Section of New Rochelle, New York, U.S.

Cooper's Corners is a historic section of the city of New Rochelle in Westchester County, New York. For over two centuries Cooper's Corners served as an outpost for residents who lived in rural 'Upper New Rochelle', an area miles from the business center of town.

The hamlet took shape at North Avenue and Mill Road near the Hutchinson River, and grew to include ‘Burtis Mill’, John Cooper’s General Store, the Coopers Corners School, St. John's Wilmot Church, and the Wilmot Fire Station No. 6.

When a 1795 act of state legislature provided the first funding for public schools, one of the first three schools established in the community was the Cooper's Corners School. Children living in the very northern sections of New Rochelle and neighboring Eastchester attended school in the one-room building until 1920 when Roosevelt School was constructed in the newly developing Wykagyl area. The building is currently used as a private nursery school.

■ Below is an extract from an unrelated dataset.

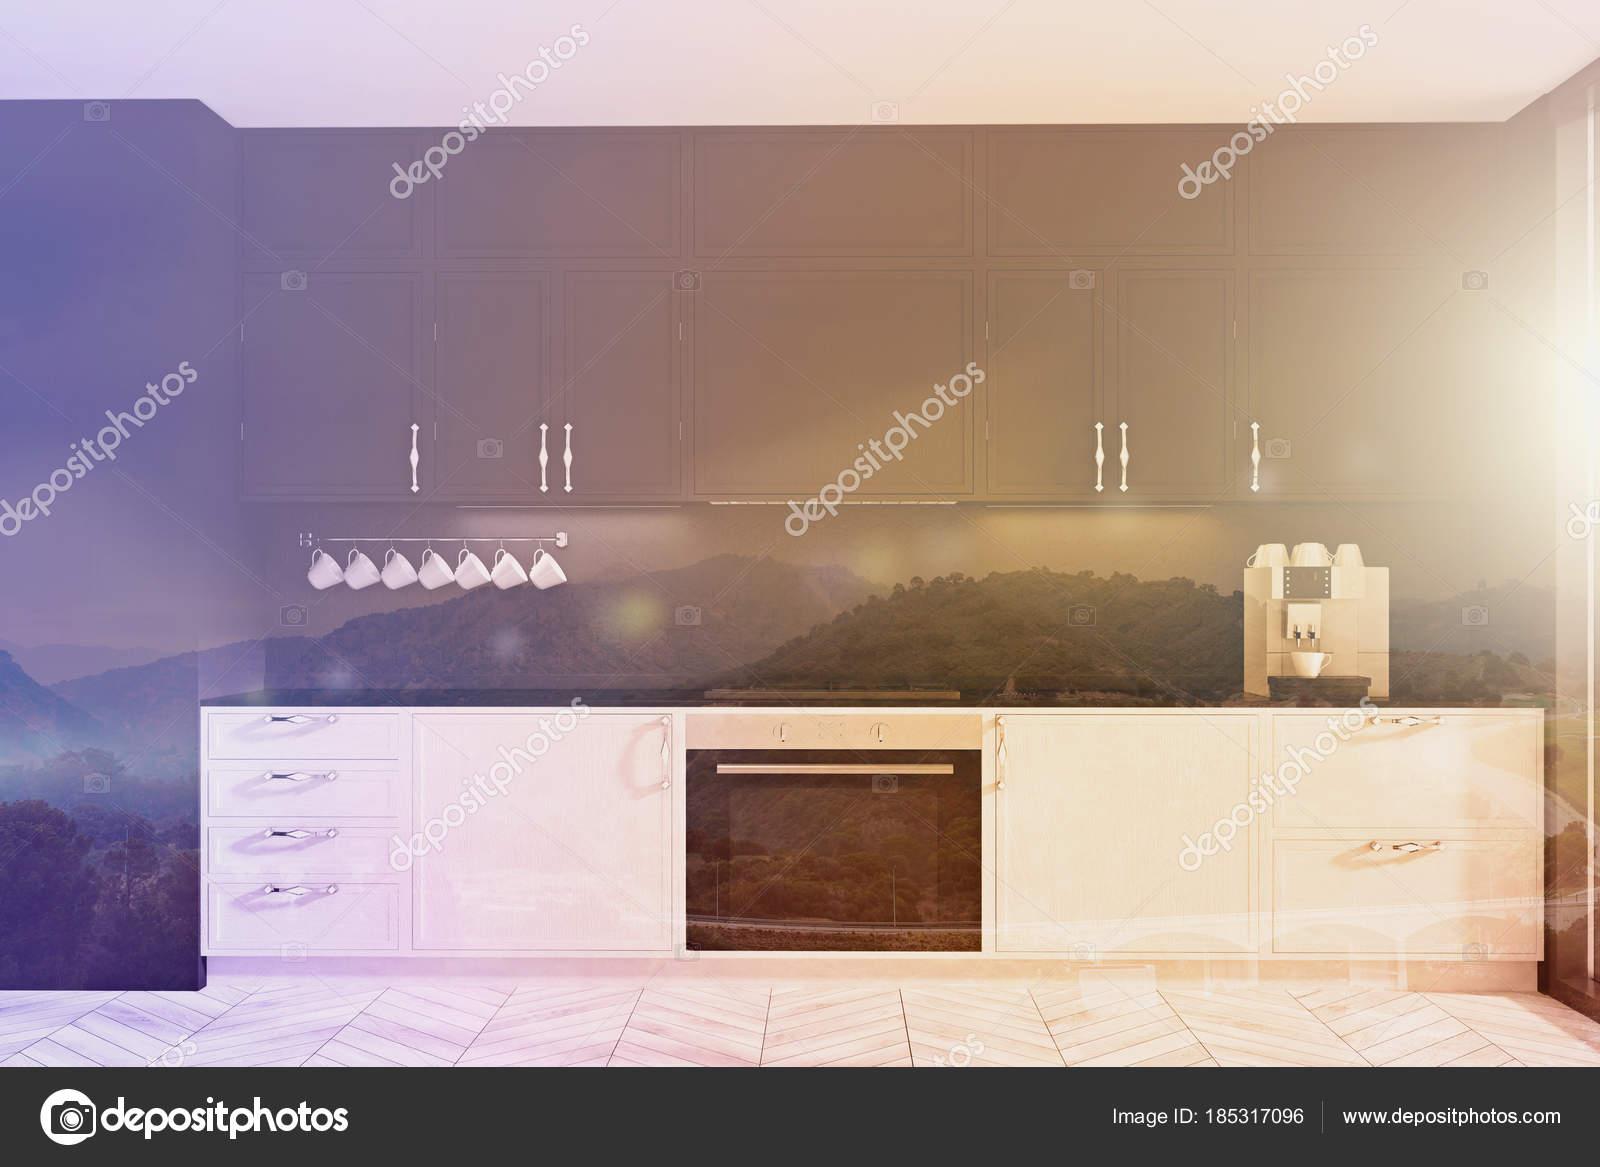 Zwarte Keuken Ideeen : Witte en zwarte originele keuken idee toned u2014 stockfoto

Twenty families attended the first service in the newly built St. John's Wilmot Church in February, 1860. They had previously walked over five miles from their farms in Upper New Rochelle to attend services at Trinity Church in the heart of downtown. St. John's Church is now the oldest extant house of worship in New Rochelle, having been completed in 1859 at the corner of North Avenue and Wilmot Road.

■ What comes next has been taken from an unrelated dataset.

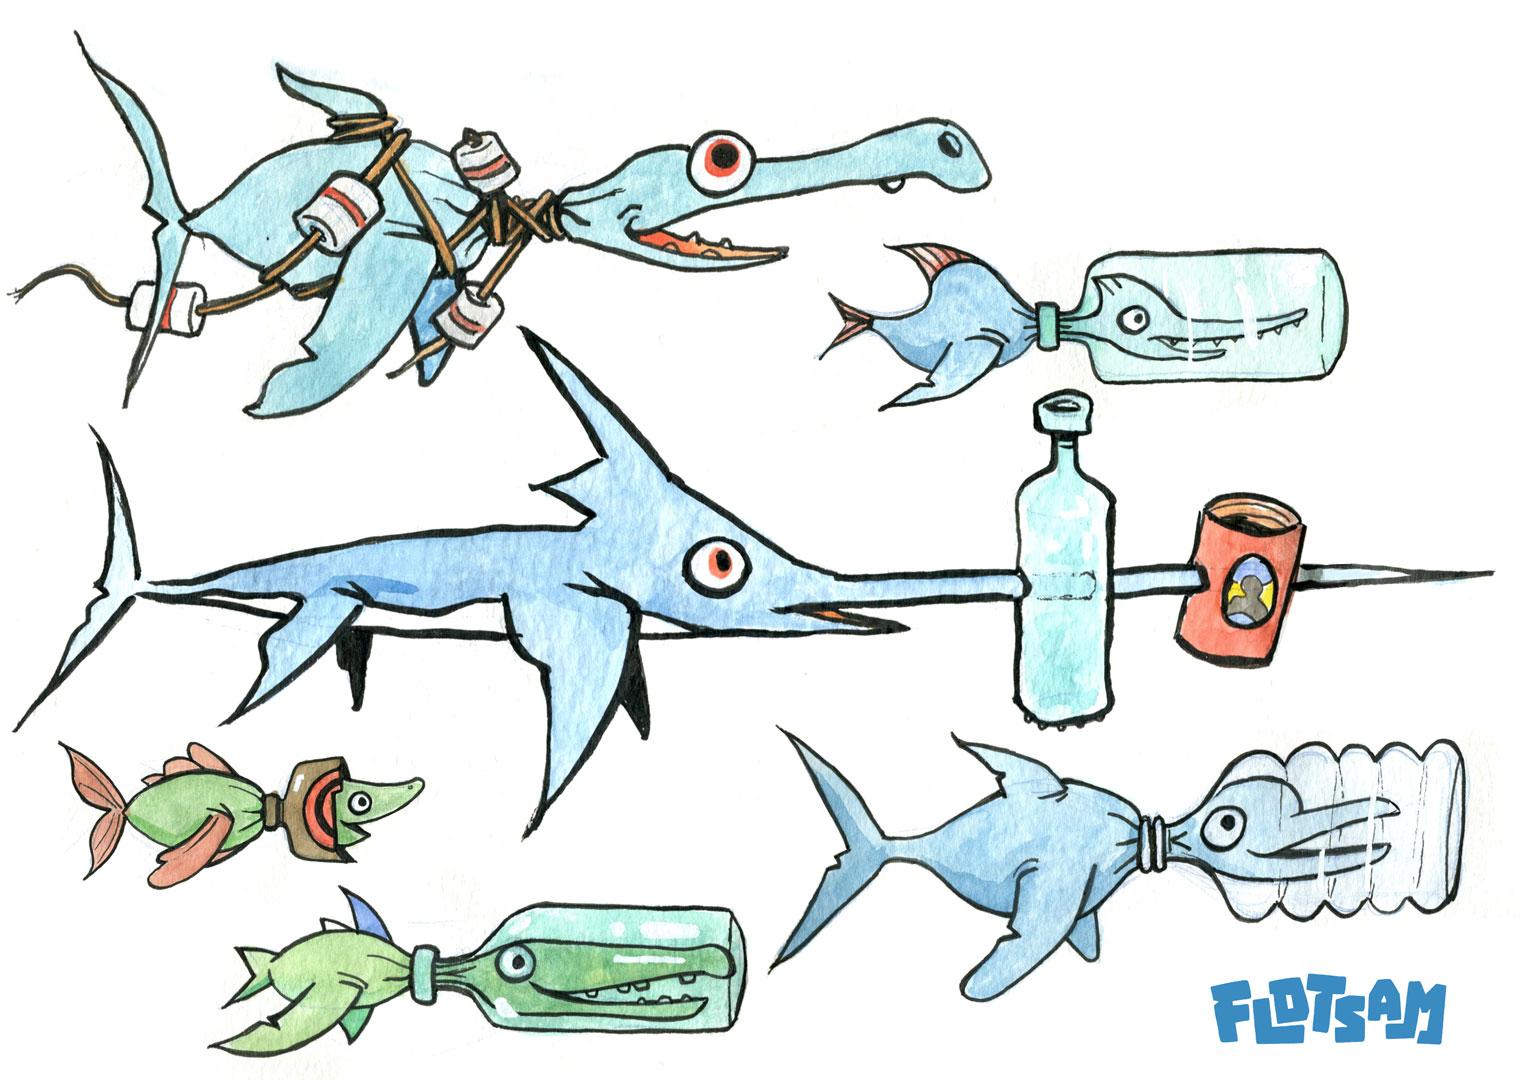 Flotsam game friendly fish concept

In 1894 the reservoir Lake Innisfree was constructed by the New Rochelle Water Company along the hamlets northern border. Much of the surrounding forest and farmland was also purchased for use as a watershed for the lake which became the primary water supply source for Upper Rochelle during late 19th & early 20th centuries.

In 1901 Adrian G Iselin provided funds to build the Wilmot Fire Station at the southwest corner of Wilmot Road, North Avenue and Mill Road. Now a private residence, the Wilmot Fire Station was replaced by station No.5 which was built at the end of Pinebrook Boulevard in 1950.

== Mills ==

The mill at the crossing of the Hutchinson River by the Mill Road from Cooper's Corner, New Rochelle, to Eastchester, began as an enterprise of Colonel Caleb Heathcote, Lord of Scarsdale Manor. In 1696 an agreement for the erection of mills on the Hutchinson River was entered into between Heathcote and the inhabitants of the Town of Eastchester.

An earlier mill, which was both a saw and grist-mill, was on the Eastchester side of the river and south of the road. The present Mill Road was not established on its present route through New Rochelle until 1764.

It is unknown when exactly the second mill was built and for how long it was operated by Heathcote, as there are no records available until his death which occurred suddenly on March 1, 1721. It later came under the ownership of Gilead Hunt, who operated the mill for many years, including the Revolutionary War period, and until the year 1785, when he disposed of it to Ebenezer S. Burling. The latter sold it to Ramson Burtis in 1793. Hunt was a son of Moses Hunt of East Chester and, for a time, he was also the proprietor of the 'lower mill' on the Hutchinson River near Union Corners. The next owner of the upper mill was Andrew Smith, after whom it passed to James W. Tompkins, and, later, to Seaman Burtis, remaining in the Burtis family for many years. Gun carriages were manufactured at Burtis Mill during the Civil War for use in the Union Army.